Just finished filling it up, and no leaks of course. Here's a few more pic...I'll build the stand and canopy Monay and Tuesday...until then...here ya go =)


----------



## 33truballa33 (Oct 18, 2004)

paint the stand u bum


----------



## DucatiRave21 (May 27, 2005)

looking good!!!!!!! cant wait to see it all done!


----------



## B. Rodgers (Jan 20, 2005)

Hopefully Tuesday will be the day of completion


----------



## B. Rodgers (Jan 20, 2005)

Got the canopy done and an XP3 filter for it along with my AC901 Powerhead. I've got 200 lbs of black gravel in there and I'm going to have to finish the stand after Christmas, cuz I'm broke for now.. Anyway, here's some pics


----------



## EZmoney (May 13, 2004)

Lookin' good, B.


----------



## StuartDanger (Aug 7, 2003)

that looks pimpin!!!
i didnt think that a plywood tank would look anygood, but that looks sweet.
what you puttin in it? and how are you making the canopy?


----------



## B. Rodgers (Jan 20, 2005)

the canopy is done, and it's on the tank! I'll take few more pics real quick...brb

OK, Here They Are...


----------



## piranha threat (Jan 1, 2004)

Looks awesome! Don't you need something to cover those lights?


----------



## StuartDanger (Aug 7, 2003)

straight up pimping

what is it like with suction cups on heaters and powerheads on the plywood, do they stick just like they would on glass?


----------



## B. Rodgers (Jan 20, 2005)

The lights will be fine, the moisture wont be too bad on them, If it becomes a problem, I'll get some acrylic sheets to put over them, but I'm not too worried. As for the suction cups, yes, my pwerhead and my xp3 tubes are all suction cupped into place. the fiberglass resin is smooth just like glass. the top of the canopy and the outside of the tank has all been sealed with fiberglass resin to make the whole thing waterproof, inside and out


----------



## B. Rodgers (Jan 20, 2005)

Here's A Short Video I Just Made About This Tank!

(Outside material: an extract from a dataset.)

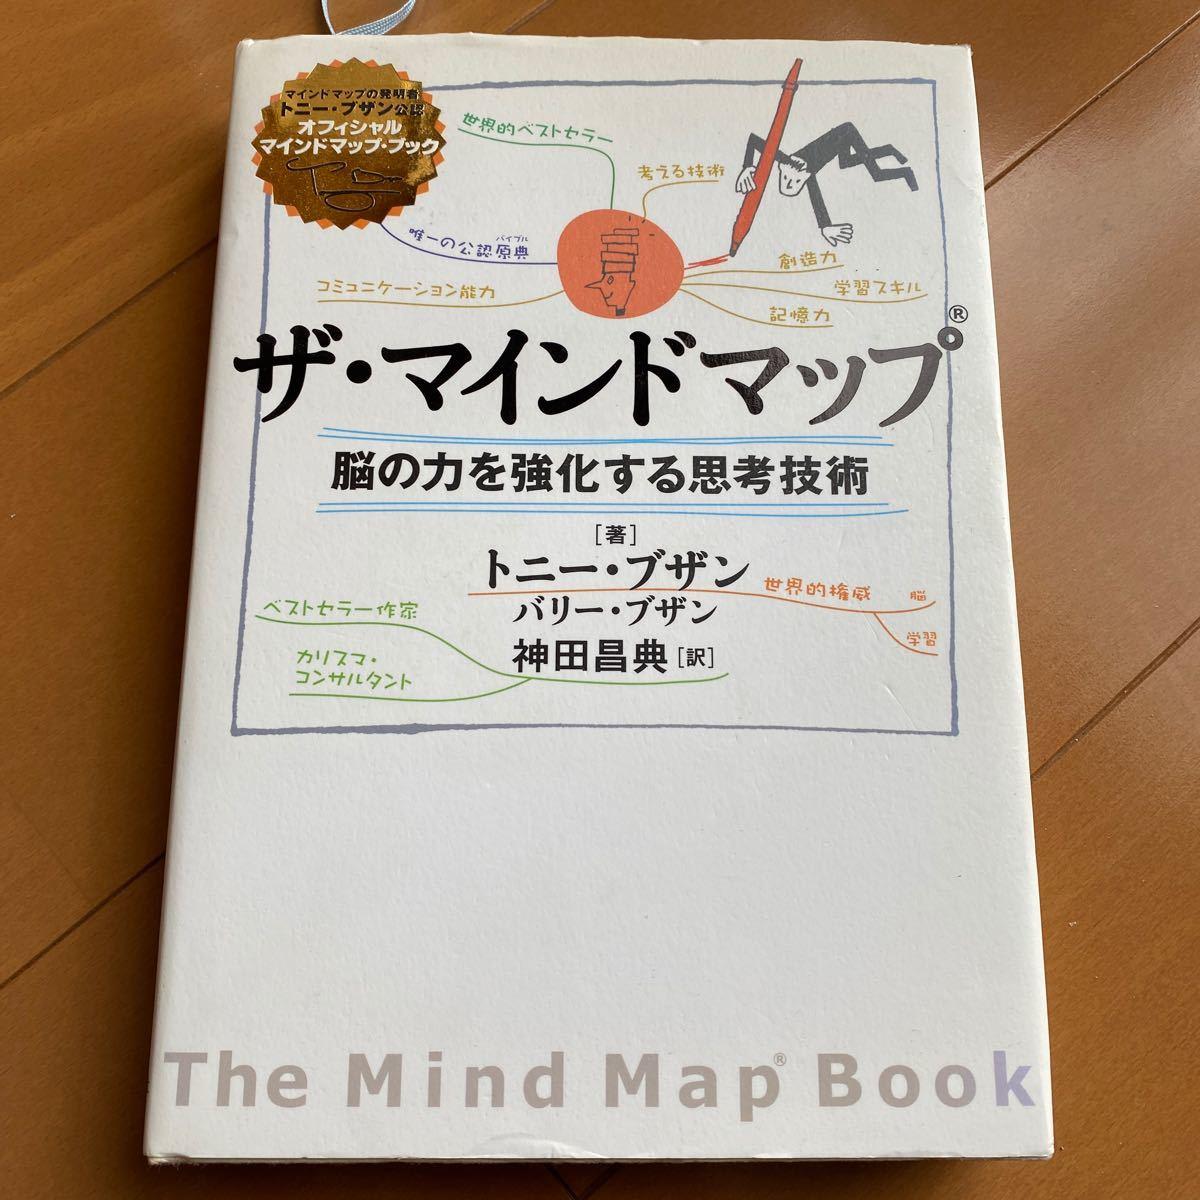 ザ・マインドマップ 脳の力を強化する思考技術  /ダイヤモンド社/トニ-・ブザン (単行本) 中古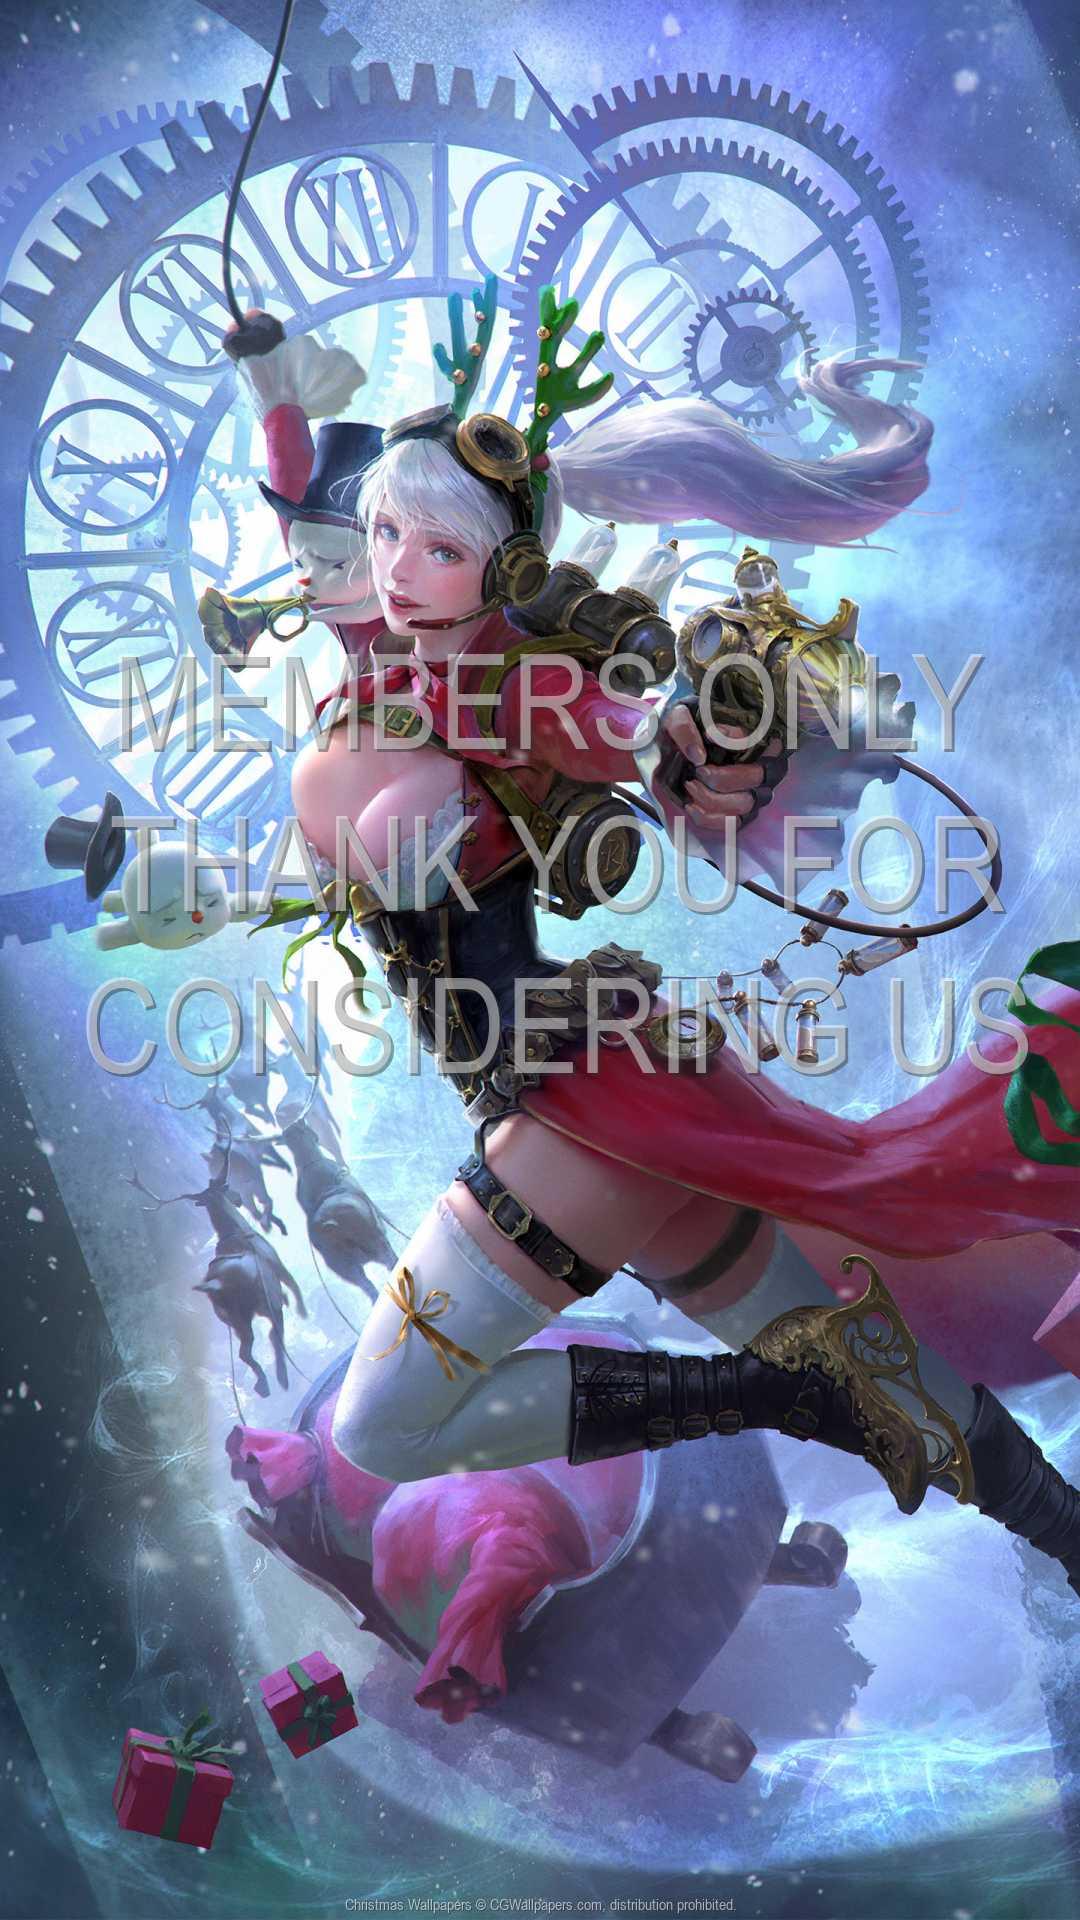 Christmas Wallpapers 1080p Vertical Mobile fond d'écran 02

http://media.putfile.com/DIY-Tank


----------



## deezdrama (Jul 9, 2005)

the video says quicktime needs to download a third party file to play it-WTF?


----------



## eL ChiNo LoCo (Apr 16, 2004)

Wow, B. Rodgers nice job, but Id be VERY weary about those lights.. I wouldnt take any chances. Whats holding them together?


----------



## deezdrama (Jul 9, 2005)

yeah - the tank looks great but them lights scare me- there is going to be hella moisture all over them lights


----------



## Sheppard (Jul 8, 2004)

That tank is awesome!

I will definitley be PM'ing you ALOT once I get things under way with my DIY 240g when I move home this summer (i'm away at school right now)

Great work!


----------



## B. Rodgers (Jan 20, 2005)

hehe, the lights have water dripping off of them lol. I'll have to invent something to cover them


----------



## 33truballa33 (Oct 18, 2004)

u dont have to cover them just wipe them dry with ur hands when they get wet


----------



## StuartDanger (Aug 7, 2003)

^^^^^^^^^
or with ur tongue!


----------



## B. Rodgers (Jan 20, 2005)

you're gonna get me killed!


----------



## 33truballa33 (Oct 18, 2004)

B. Rodgers said:


> you're gonna get me killed!


im sure u have licked far more dangerous things hahahaha :rasp:


----------



## SAFETYpin (Feb 1, 2004)

B. Rodgers said:


> hehe, the lights have water dripping off of them lol. I'll have to invent something to cover them


There are water proof end caps that you could change out and then rewire it so the ballast are outside of the tanks. Just a quick suggestion.


----------



## B. Rodgers (Jan 20, 2005)

that's too much work, If they go out, or my fish get electrocuted, then I'll change it, until then, the bulbs only cost $5, so I'll replace them if and when they go out


----------



## BigChuckP (Feb 9, 2004)

Just wanted to drop in and say the tank looks sweet B!


----------



## B. Rodgers (Jan 20, 2005)

thanx Chuck!


----------



## B. Rodgers (Jan 20, 2005)

Finished Product With My 7" Black Mask Elongatus Piranha In It!


----------